In the midst of a challenging year of low sales, organizational restructuring, and a failed attempt at a company sale, GameStop appears to have laid off over 50 of its field leaders as it tries a new model of region and district organization.
According to an internal memo shared on Twitter, GameStop has reorganized its field regions and districts in a money-saving attempt to bolster its business. The restructure cuts a number of districts (effectively folding them into others), however, resulting in the former leaders of those districts seeing their positions eliminated.
The full text of the notice in the tweet is as follows:
"We have important news to share with you today concerning the redesign of our Field Leadership team. As part of our continued GameStop Reboot transformation initiative, a dedicated team, including the Retail Vice Presidents, HR, LP and the U.S. Store Operations leadership team, have been working diligently to realign our current field regions and districts in an effort to reduce our cost structure and build efficiencies into our field leadership organization so that we can reinvest in the business.

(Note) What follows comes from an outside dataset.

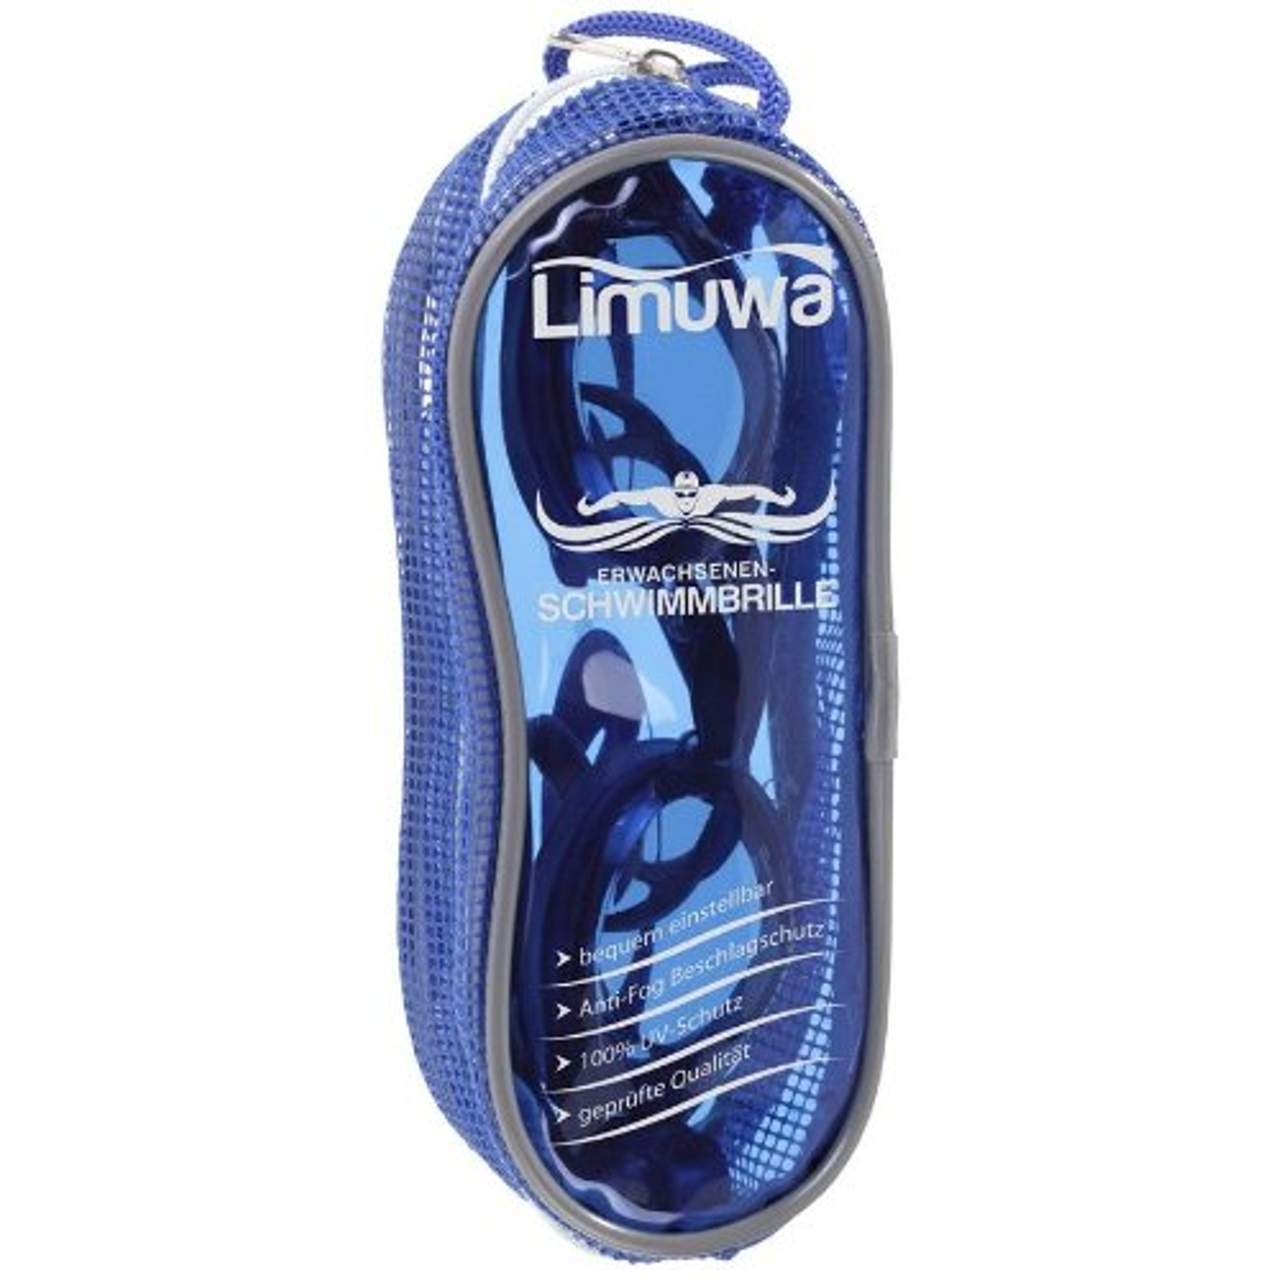 Limuwa Schwimmbrille Deluxe mit Antibeschlag- und 100%-UV-Schutz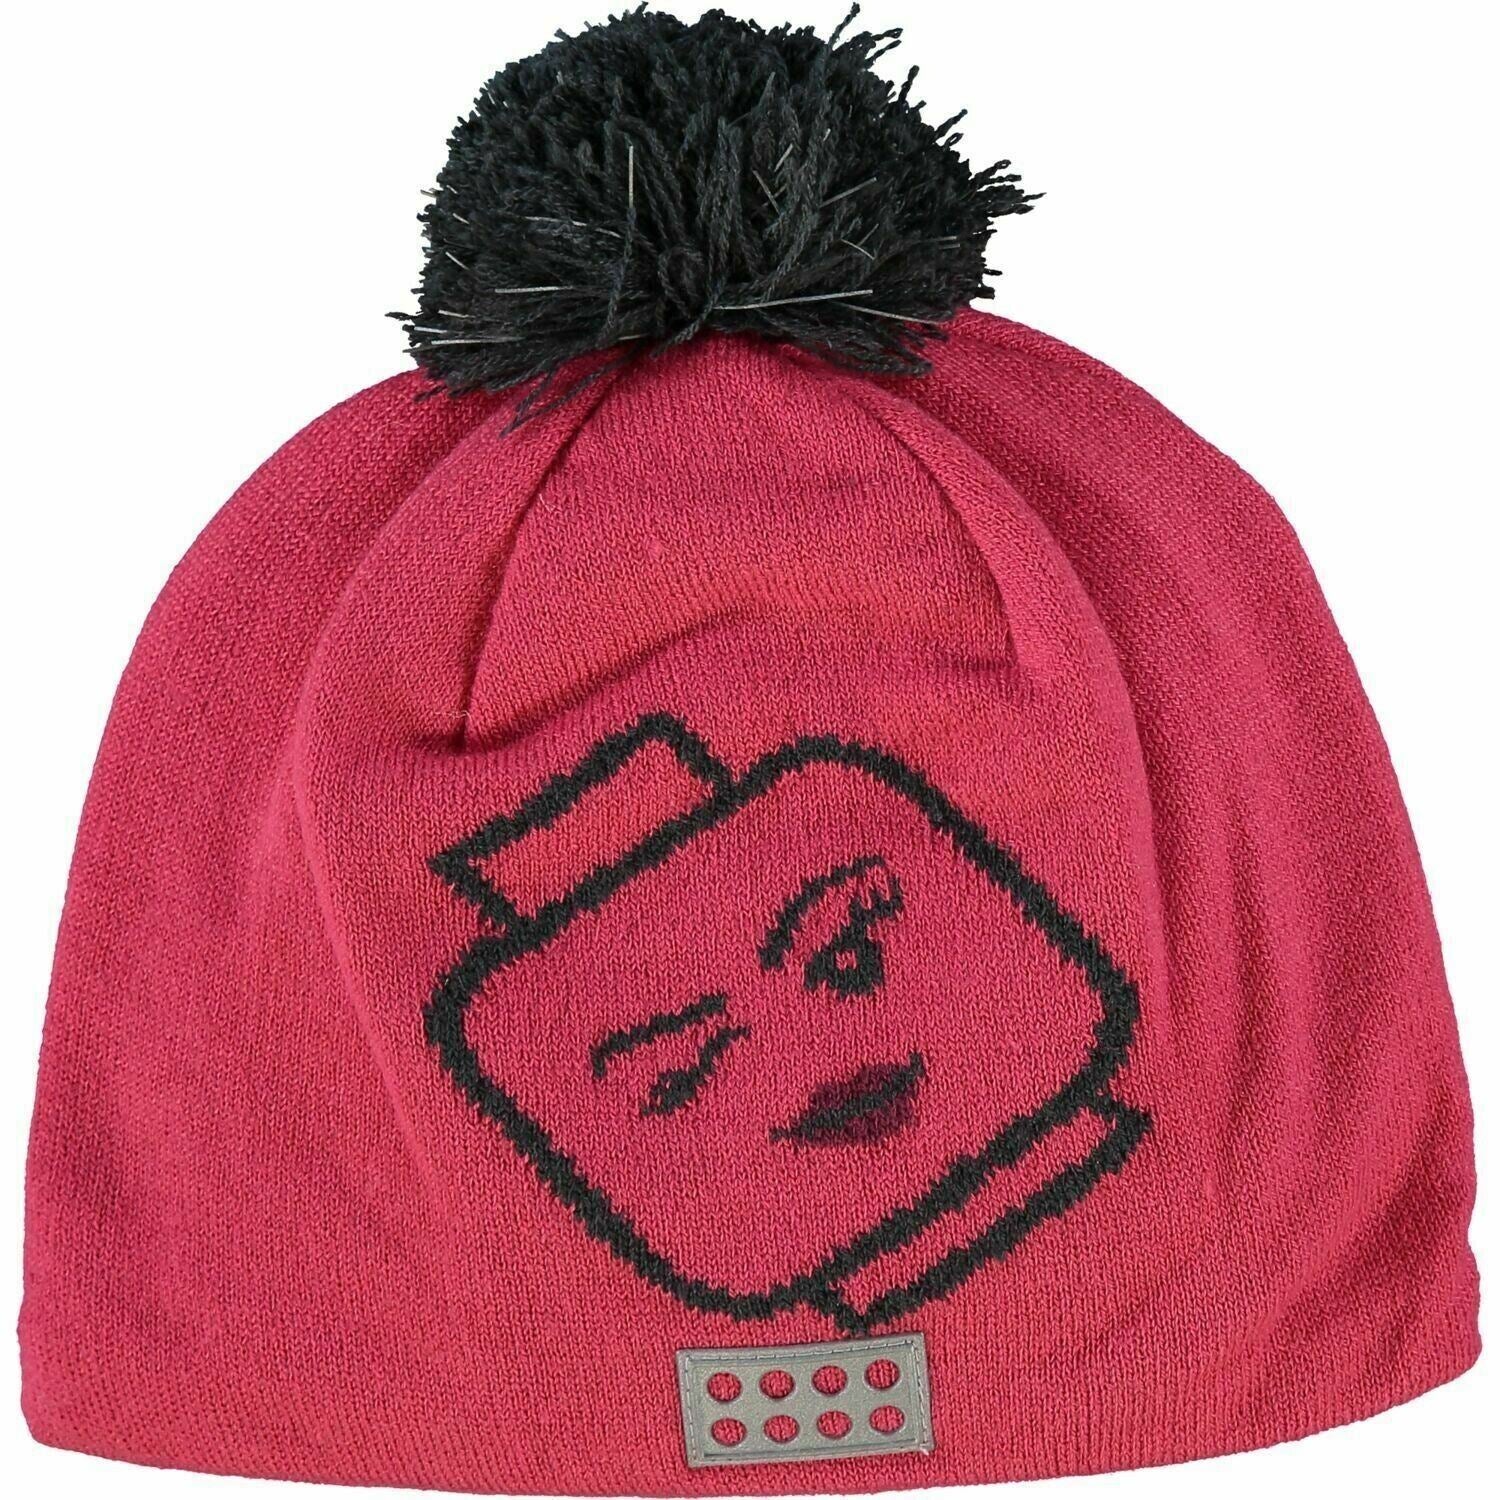 LEGOWEAR - AGATA Girls' Kids' Pom Pom Beanie Hat, Pink size 4-7 years

"This realignment results in an expanded size of GameStop's regions and districts, therefore reducing the number of field leaders required to run the organization. The realignment also allows for a reset of the GSL reporting structure, enabling these new multi-unit leader's ownership in their span of control. More details to come on the GSL process.
"Unfortunately, with these changes, there are more than 50 field leaders who have been impacted and will be leaving the GameStop team. This includes regional, district, HR, and LP leaders. These leaders will be missed and we wish them success in their future endeavors.
"These decisions are not easy, but necessary to help us reduce costs to enable investment in revenue-driving initiatives that will help grow the business once again.
"There is more work to be done to streamline the number of tasks for our field leaders and provide tools to support their daily activities. This work has already begun and will continue moving forward."
Back in January, GameStop's board abandoned the effort to sell the company due to lack of available financing. Then, for its last fiscal year ending in March, it posted a $673 million full-year loss, acknowledging it needed to change its business model (its Q1 results for this year weren't much more promising). Those changes have thus far manifested in efforts like renovation plans to refocus on esports and retro-only branches and the folding of subsidiary ThinkGeek into GameStop proper.
GamesIndustry.biz has reached out to GameStop for confirmation of the layoffs and comment on the restructuring.